• TRY IT: Since the listing below shows pictures, leave them out and write out exactly the lines from the line with "Tue Oct 18, 4:00 PM - Tue Oct 18, 9:00 PM" to the line with "Lot to include", both included, and no others.

• DATASET RECORDS:
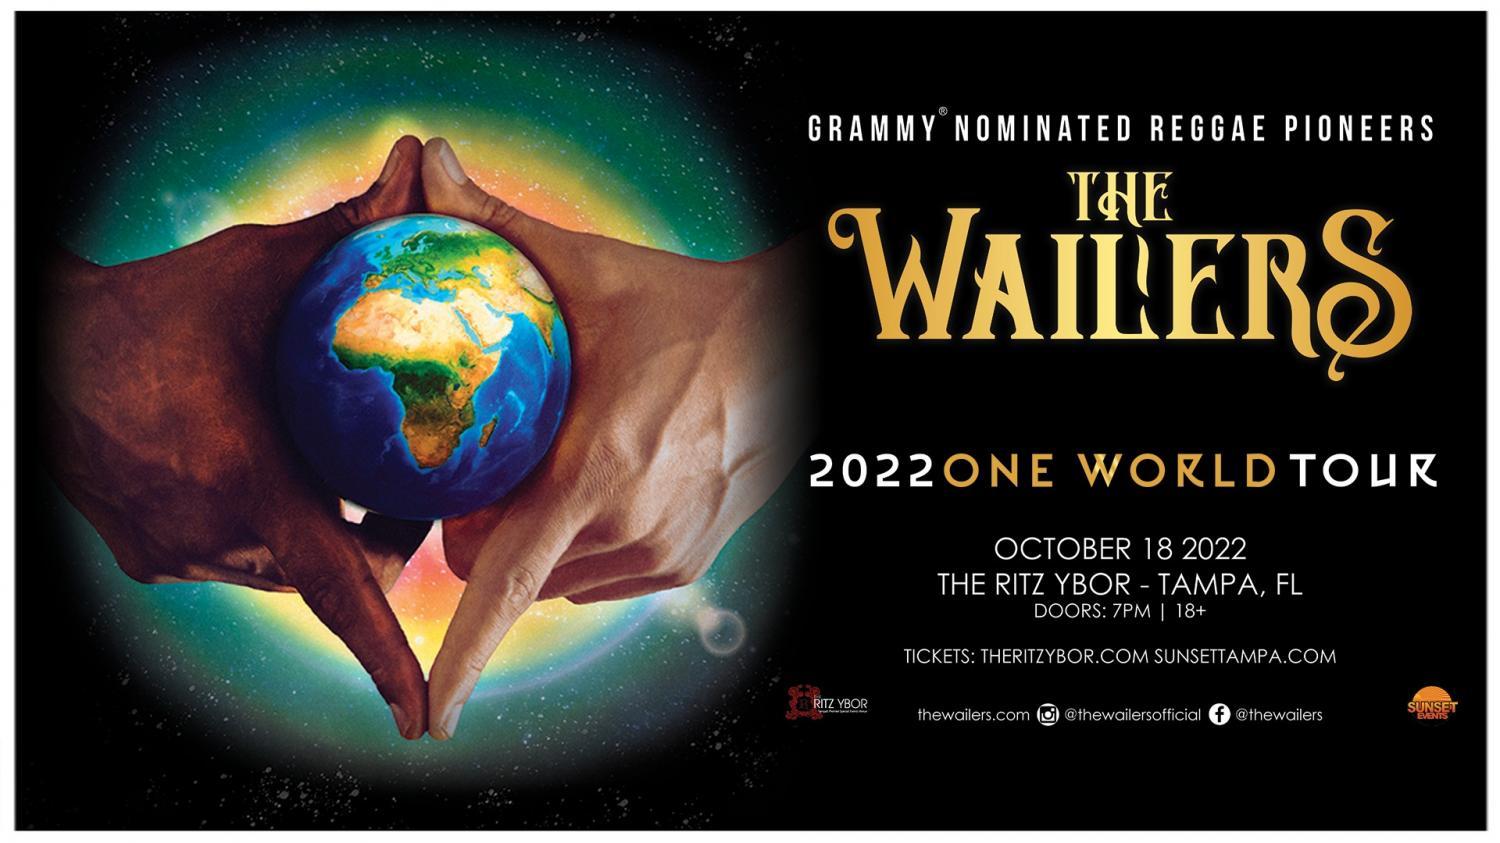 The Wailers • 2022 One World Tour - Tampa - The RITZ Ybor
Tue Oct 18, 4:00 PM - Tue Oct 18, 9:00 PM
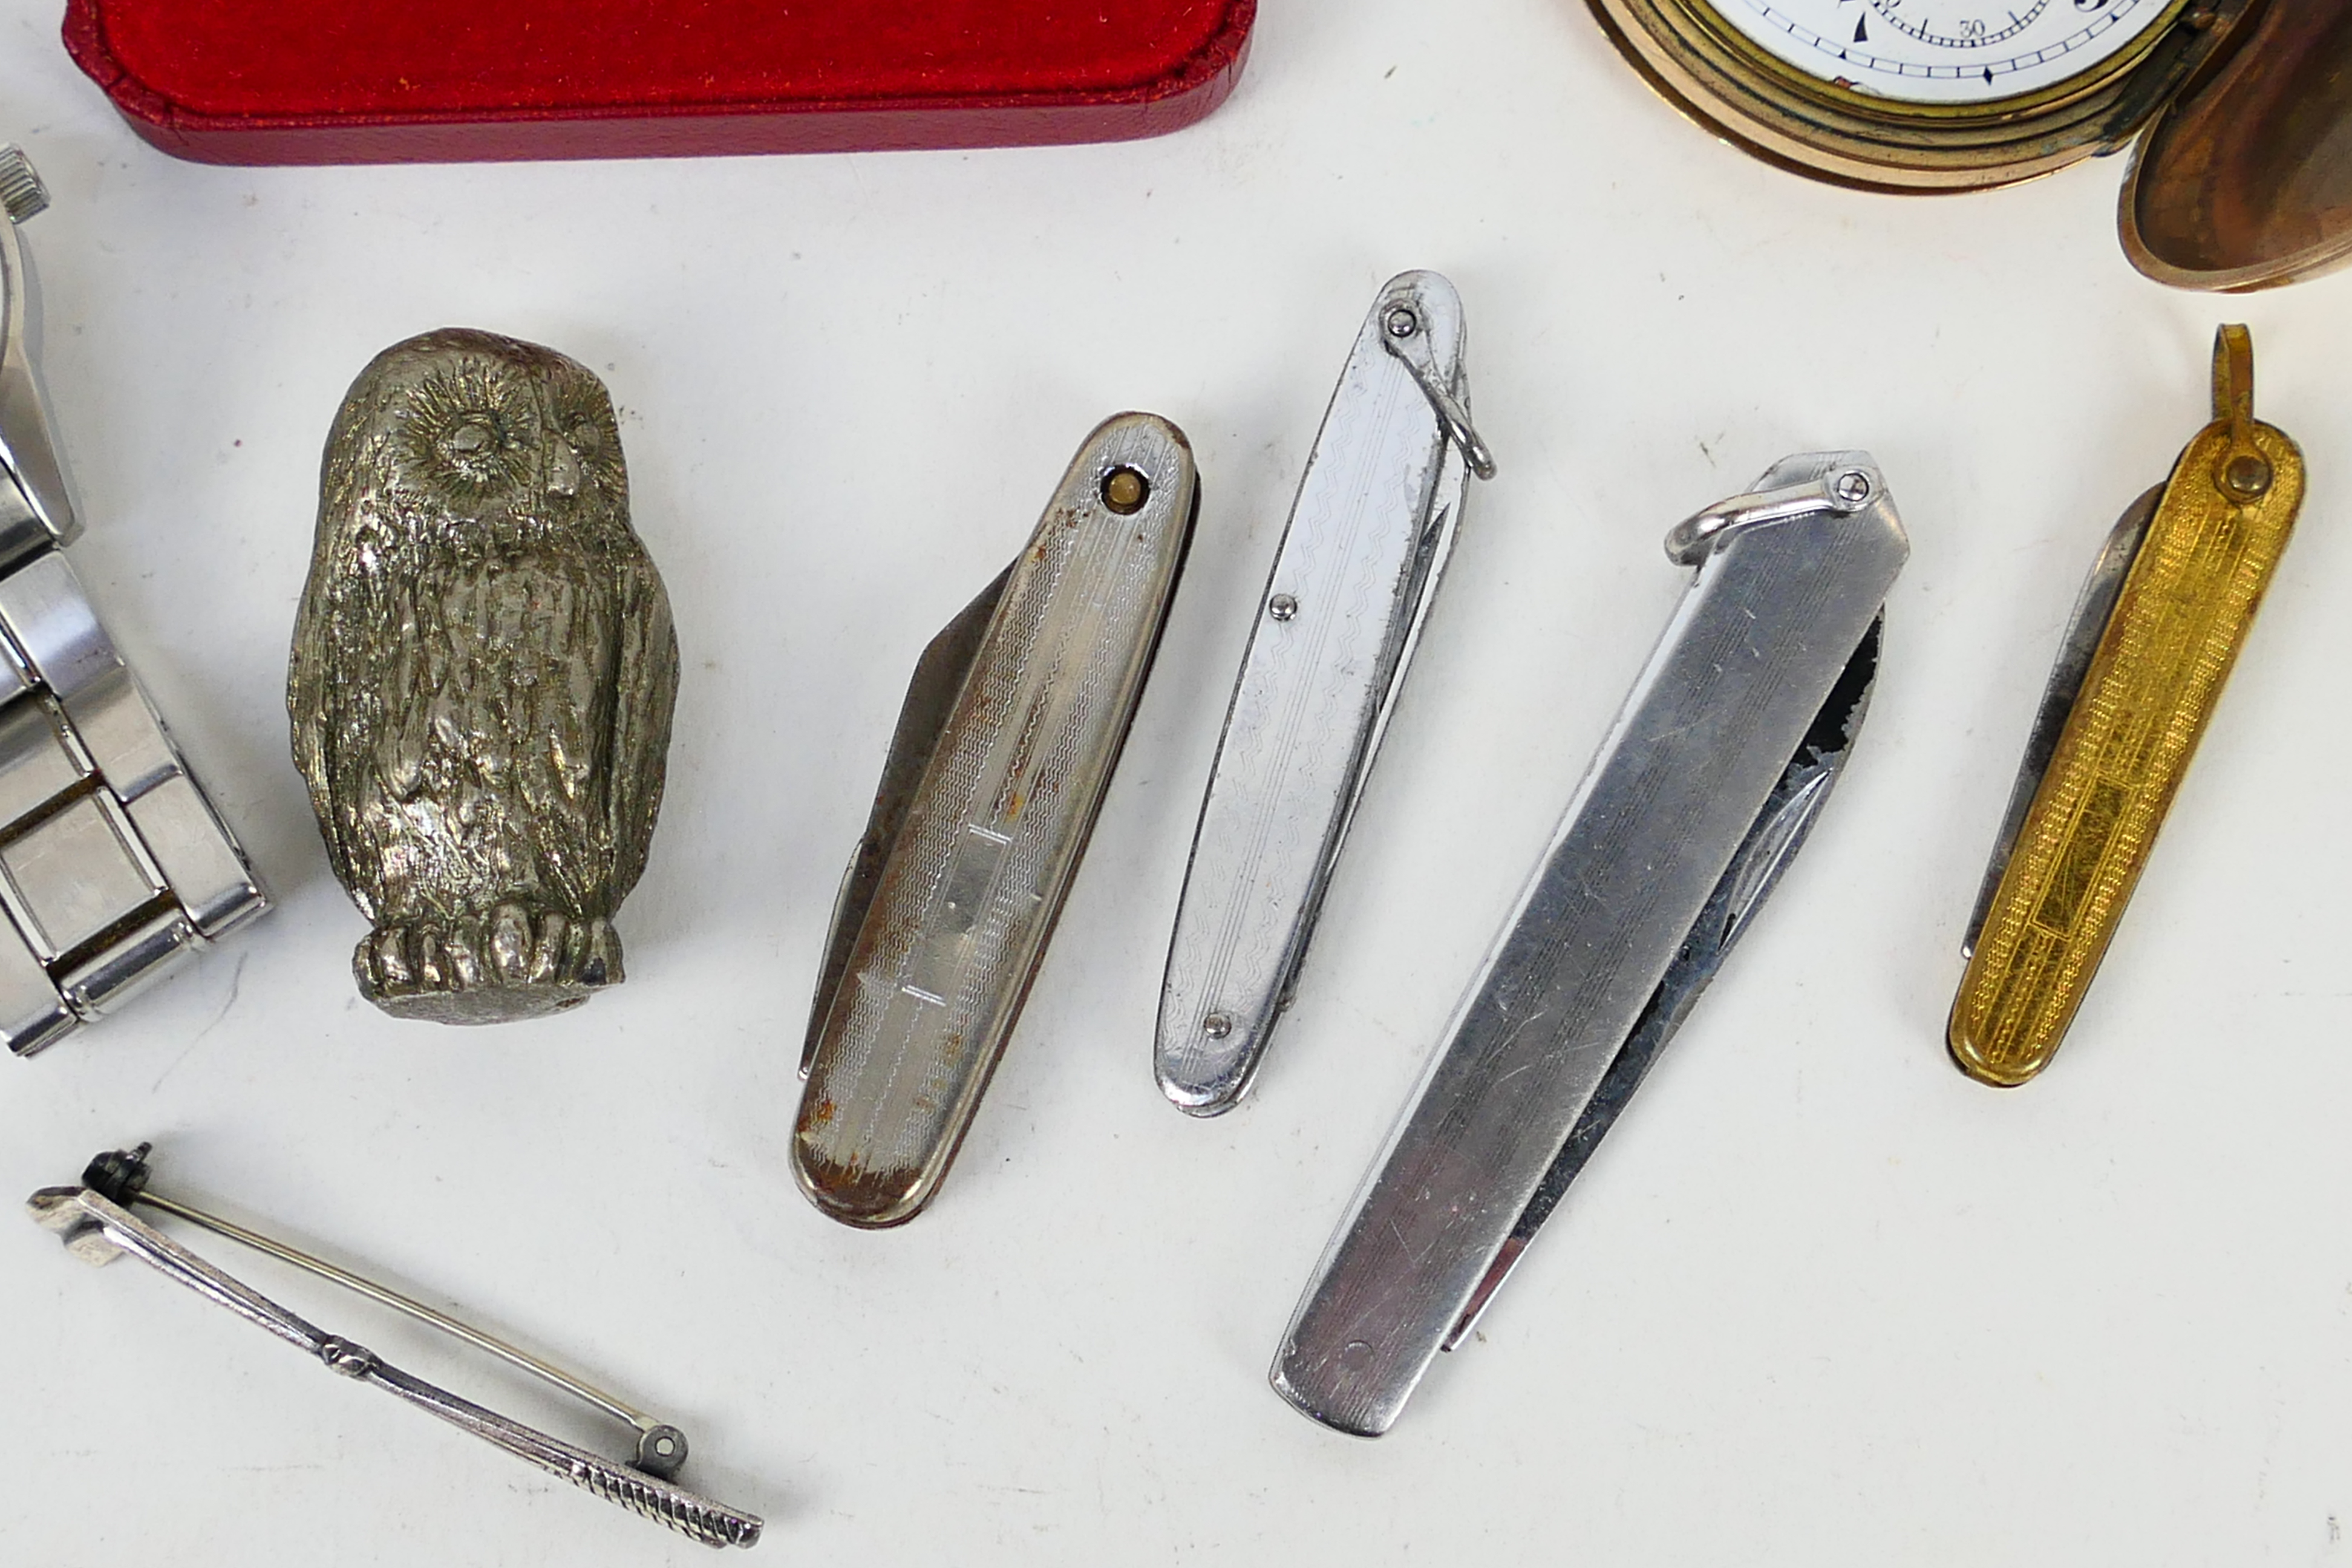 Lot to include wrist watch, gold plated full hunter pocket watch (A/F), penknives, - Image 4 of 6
...
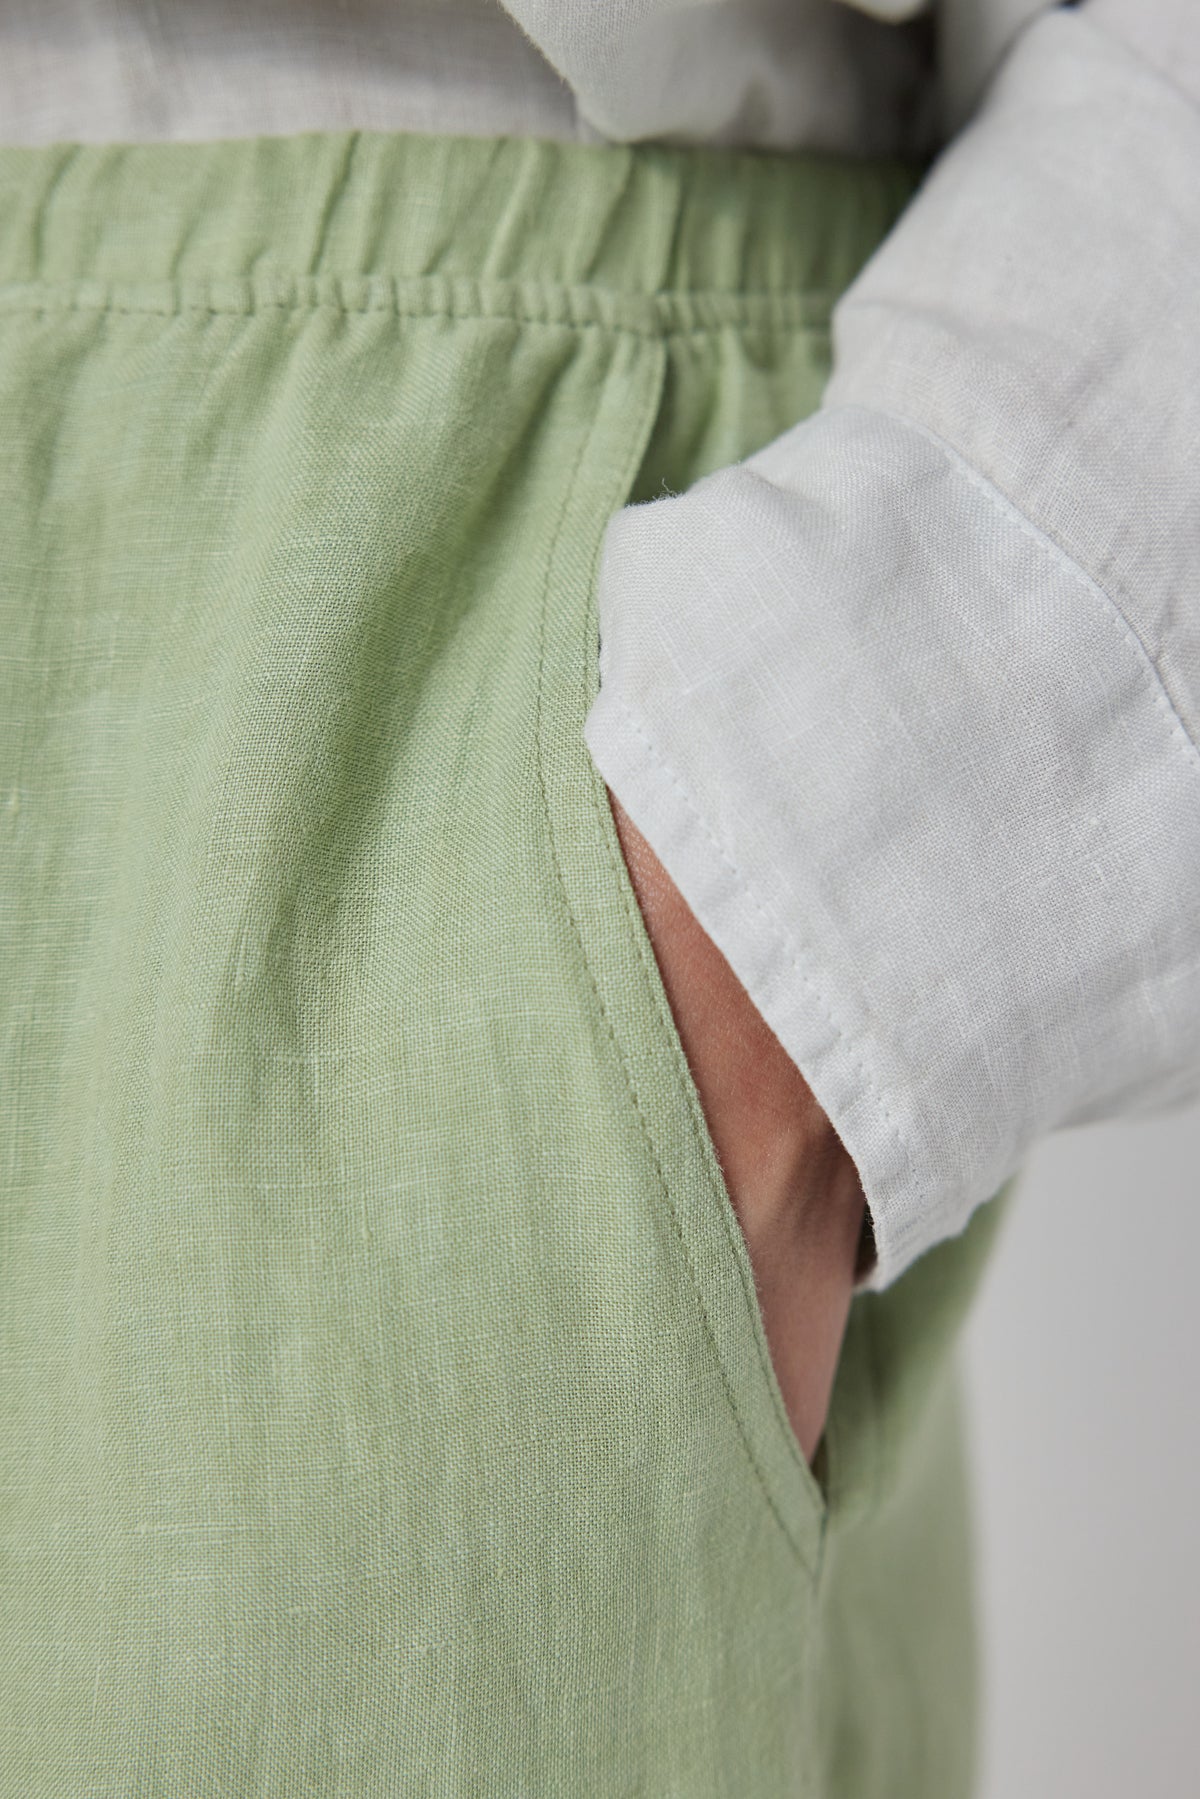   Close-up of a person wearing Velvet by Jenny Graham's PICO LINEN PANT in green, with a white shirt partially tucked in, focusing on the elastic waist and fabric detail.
==
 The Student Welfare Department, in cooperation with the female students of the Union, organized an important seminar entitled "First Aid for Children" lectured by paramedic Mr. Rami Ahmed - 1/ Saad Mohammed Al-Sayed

• ANSWER BOX:
Tue Oct 18, 4:00 PM - Tue Oct 18, 9:00 PM
 Lot to include wrist watch, gold plated full hunter pocket watch (A/F), penknives, - Image 4 of 6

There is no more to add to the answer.